Do you – can you – believe that you can successfully maintain your weight loss – forever? In other words, do you have a sense of self-efficacy when it comes to keeping off the weight you worked so hard to lose?

Our level of self-efficacy is the belief that we have what it takes to get things done. If you have high self-efficacy, you likely possess self-confidence in your ability to perform a wide variety of tasks. If you have low self-efficacy, you may have a hard time believing you can do anything and may not even make the effort to try. When we have a high level of self-efficacy, we’re able to believe that if we work hard on something then we’ll be able to achieve our goals. This belief helps us continue to take on challenges and persist despite any obstacles along the way.
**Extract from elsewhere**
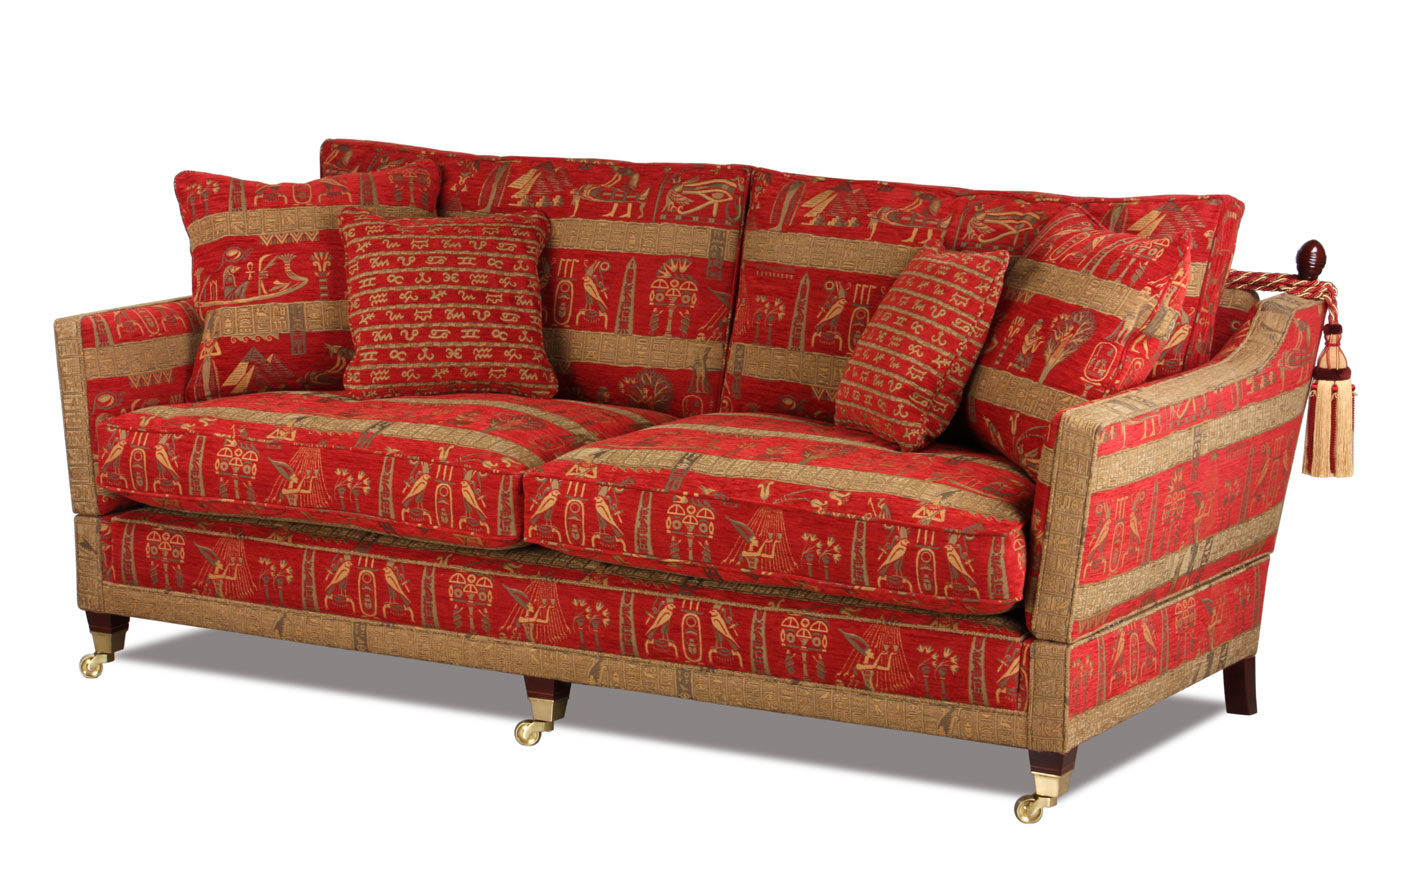 Bild vom klassischen Sofa Knole aus England

Self-efficacy is believing in our own ability to learn new skills and succeed, whereas self-confidence is believing that we can accomplish a particular goal or task with regards to which we feel a sense of competence.

So for our purposes here, having a sense of self-efficacy is having the belief that you can learn what you need to learn to accomplish the goal of maintaining your hard-earned weight loss for life. It’s about believing that if you work hard on this, then you will succeed. This belief helps us continue to do the work required for maintenance and persist despite any obstacles along the way. Having a sense of self-efficacy is really important, because if you believe that you’ll be successful you’re much more likely to take action.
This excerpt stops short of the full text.